Warren Buffett koopt GOLD

Jan Longeval

Warren Buffett heeft in het verleden geen kans onbenut gelaten om zijn misprijzen over goud als belegging uit te spreken. “Goud wordt opgegraven in Afrika, of ergens anders. Dan smelten we het, graven een ander gat, begraven we het opnieuw en betalen mensen om het te bewaken. Het heeft geen nut. Iedereen die vanop Mars toekijkt zou zich in de haren krabben”, is een van zijn uitspraken. Buffett houdt niet van goud, omdat het geen productief actief is. Goud produceert geen cashflows, het blijft gewoon goud. Hij heeft een punt. Op zeer lange termijn doen aandelen het beter dan een belegging in fysiek goud. Buffett benadrukt dat in zijn brief aan de aandeelhouders van zijn beursvehikel Berkshire Hathaway over het boekjaar 2018: “Het magische metaal was geen maat voor de Amerikaanse economische vitaliteit.”

Door een goudmijnaandeel te kopen in plaats van fysiek goud blijft Buffett trouw aan zijn credo om in aandelen te beleggen.
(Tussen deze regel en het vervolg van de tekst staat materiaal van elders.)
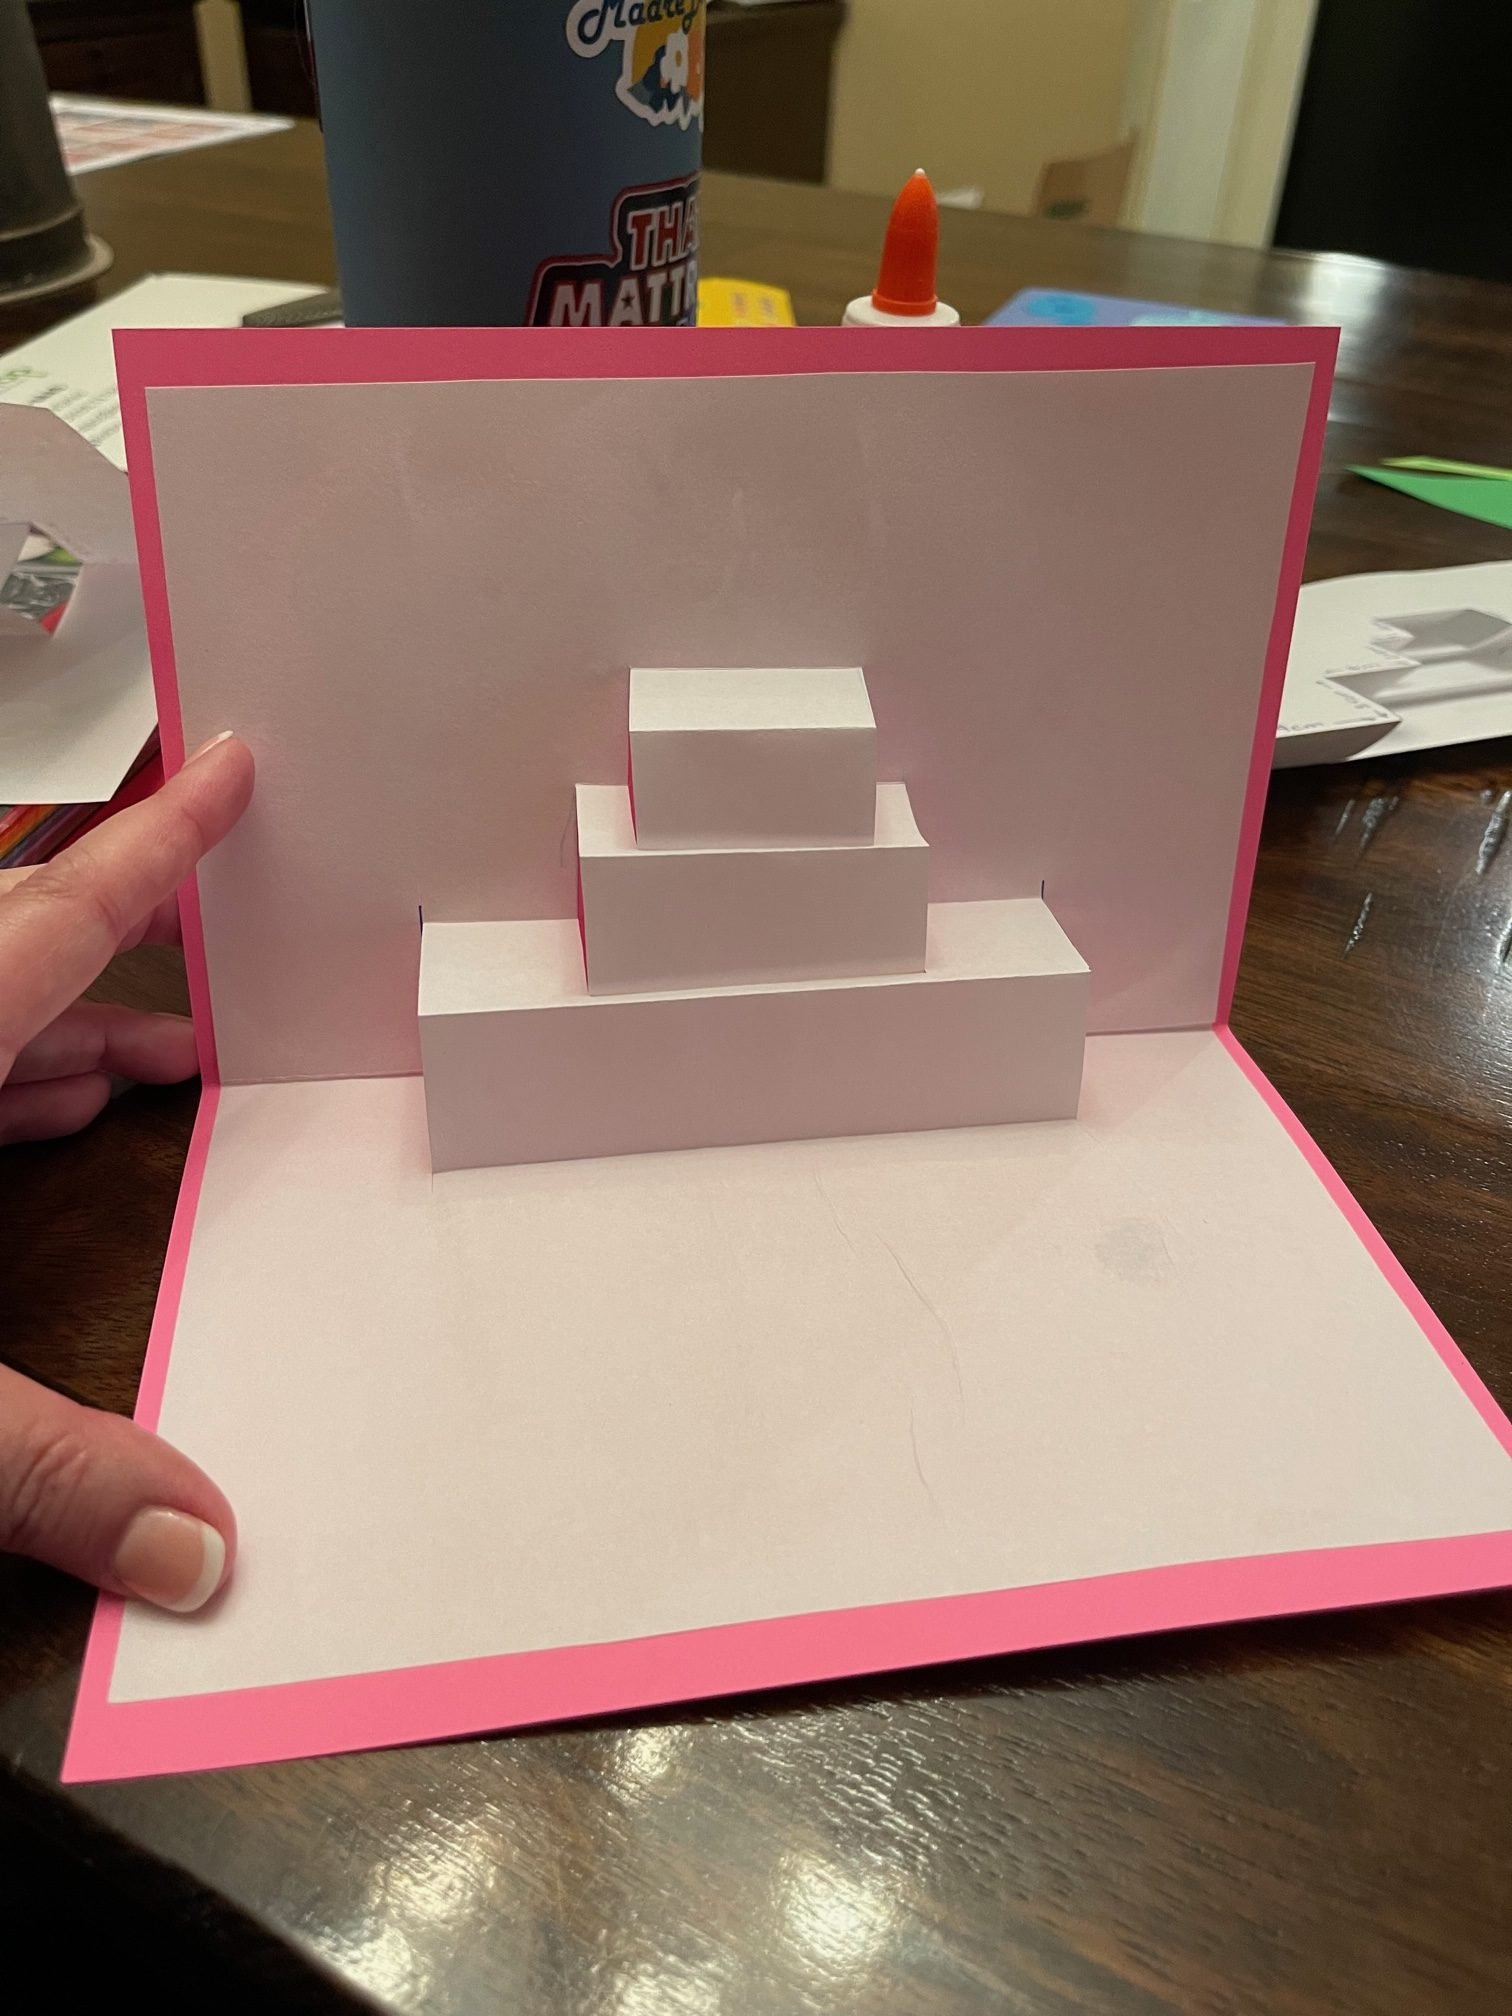 Basic 3-D pop up card before decorations

Begin augustus bleek echter dat Buffett in het tweede kwartaal een positie van 563 miljoen dollar had opgebouwd in ‘GOLD’. Opgelet, GOLD is niet het fysieke goud, maar het beurssymbool voor Barrick Gold Corporation, ‘s werelds grootste goudproducent. Vanwaar die bocht? Is de belegging in een goudmijn een soort capitulatie? Buffett zag er voor het eerst vermoeid en wat beteuterd uit tijdens de laatste aandeelhoudersvergadering. Hij verzuchtte dat de Federal Reserve door de massale steunpakketten de kredietmarkt had vervangen, waardoor bedrijven niet langer bij Berkshire Hathaway kwamen aankloppen voor noodfinanciering.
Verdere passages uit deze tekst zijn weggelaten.